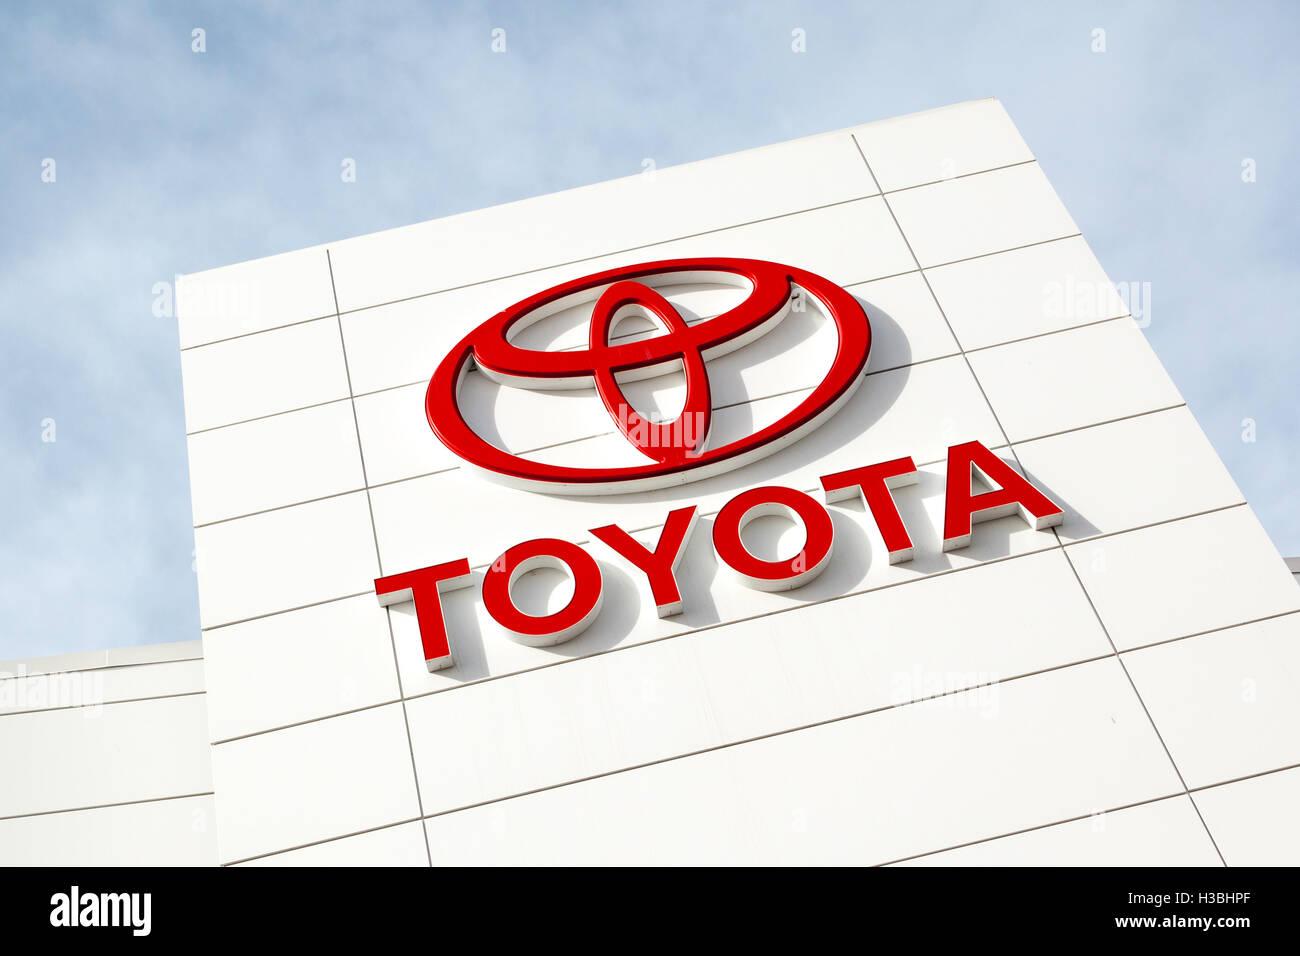 Stock symbol for toyota motor corporation impremedia stock symbol for toyota motor corporation impremedia buycottarizona Gallery
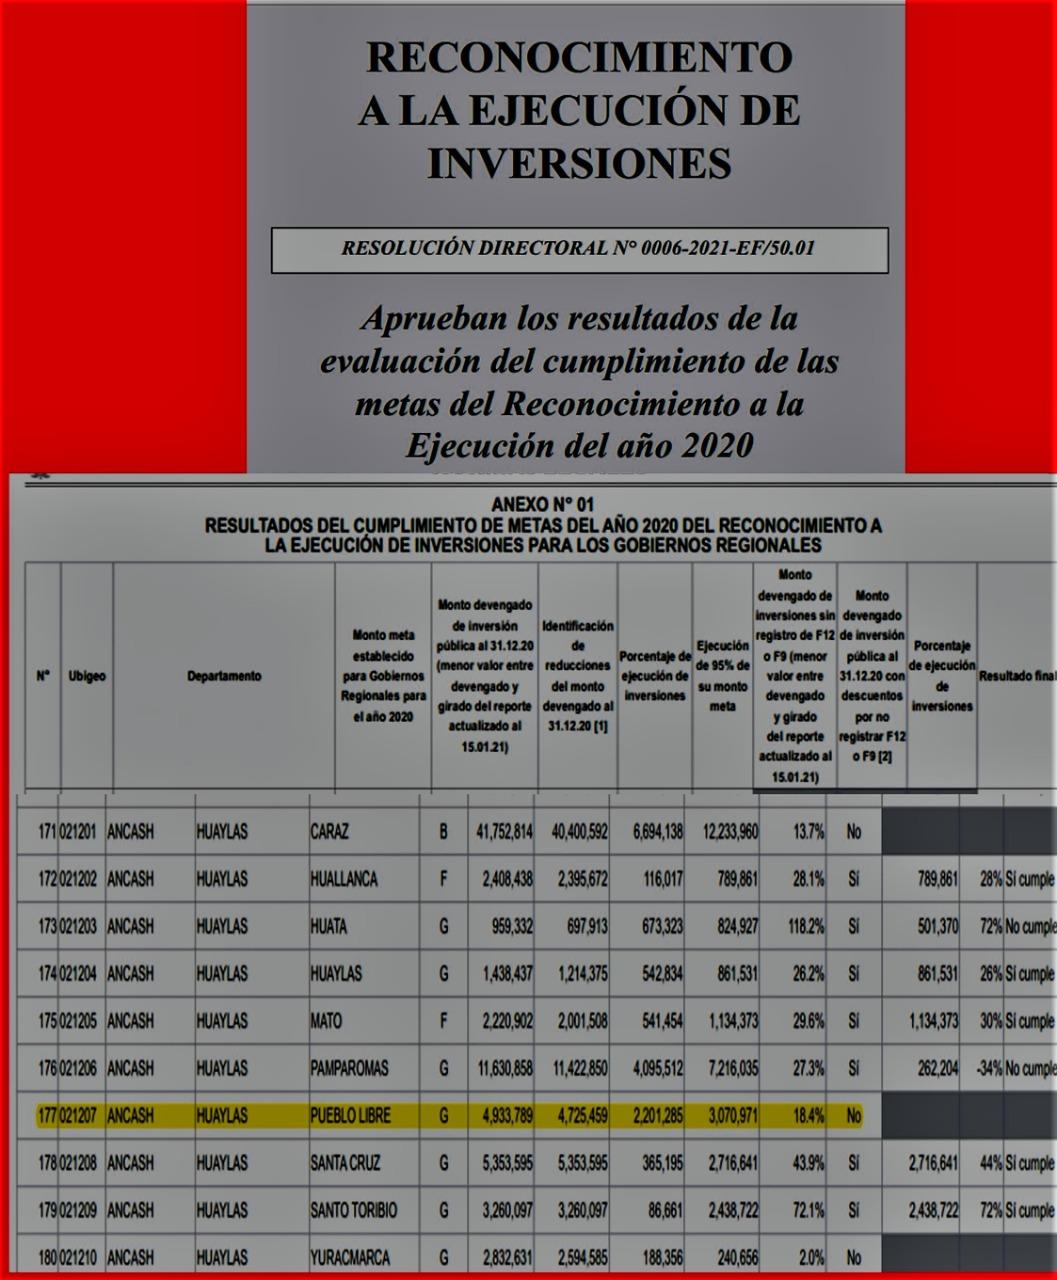 PESIMO RESULTADO DE CUMPLIMINETO DE METAS  PROVINCIA DE HUAYLAS
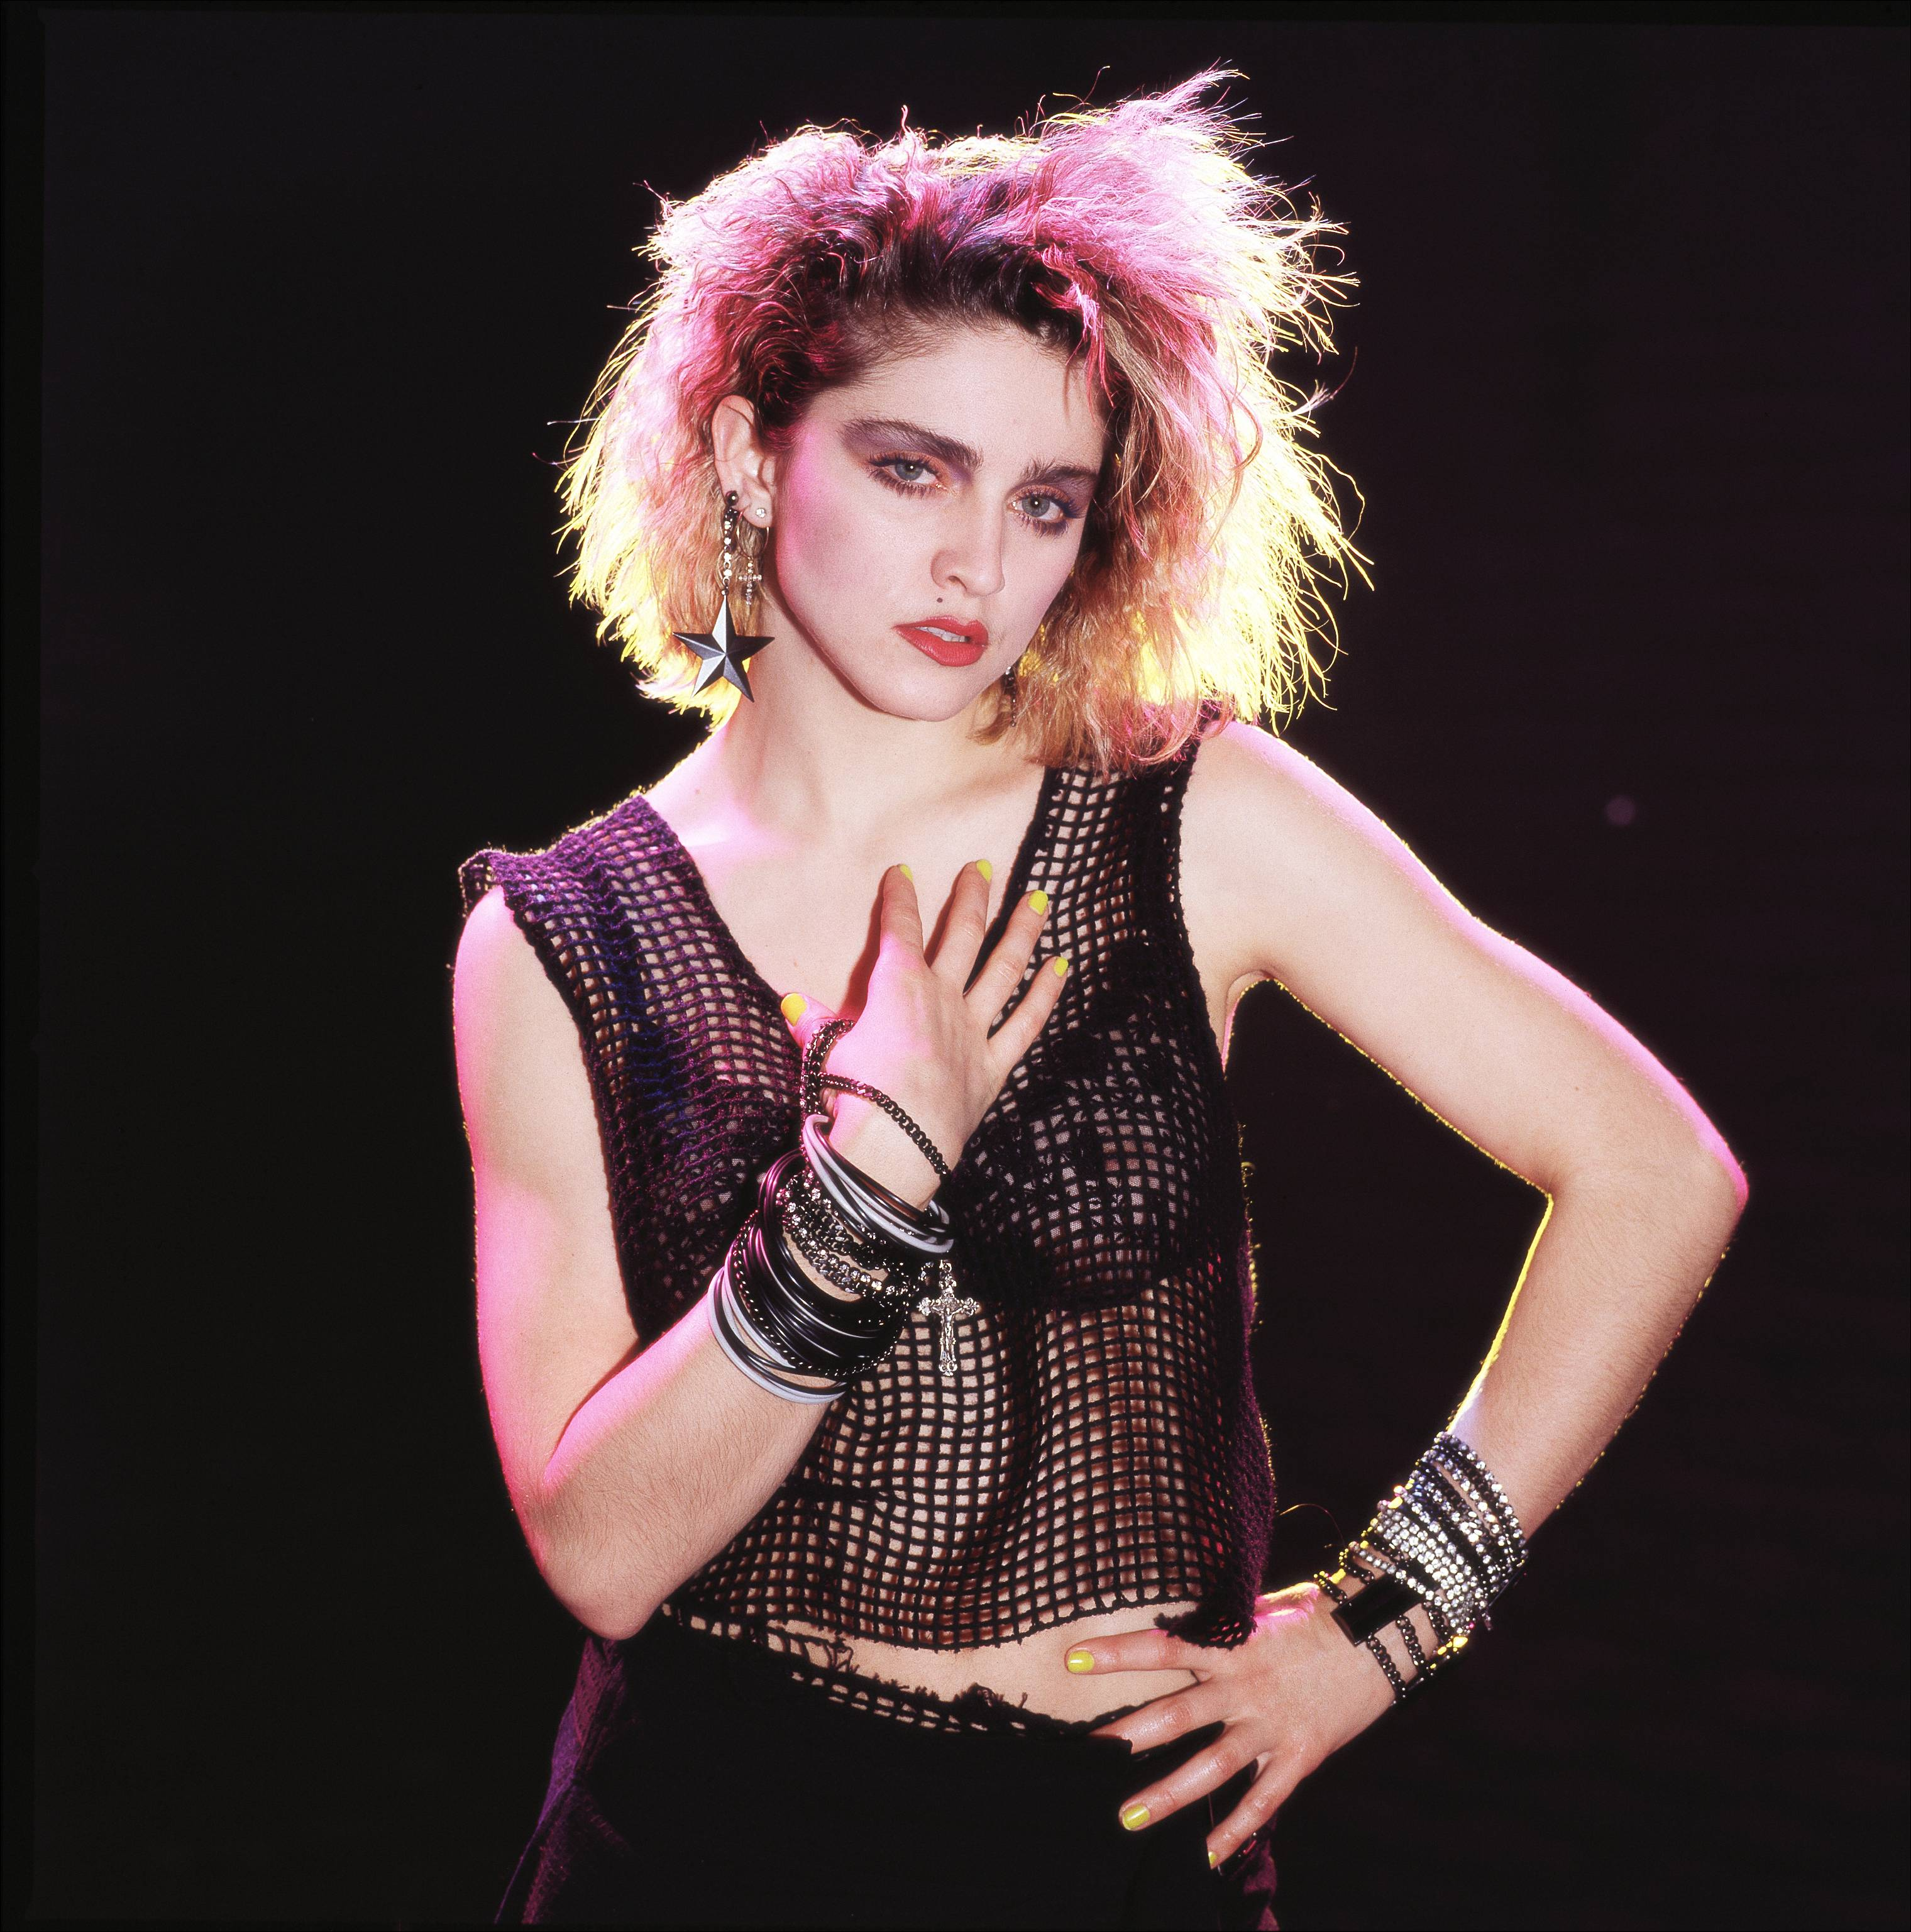 b560526b437 Lucky Star by Madonna | Song Lyrics, Album, Awards, History, Video ...

(HOW TO COMPLETE THIS TASK) Please set down every line of the data above precisely, dropping the images.

(EXERCISE SOLUTION)
 Stock symbol for toyota motor corporation impremedia stock symbol for toyota motor corporation impremedia buycottarizona Gallery
 PESIMO RESULTADO DE CUMPLIMINETO DE METAS  PROVINCIA DE HUAYLAS
 b560526b437 Lucky Star by Madonna | Song Lyrics, Album, Awards, History, Video ...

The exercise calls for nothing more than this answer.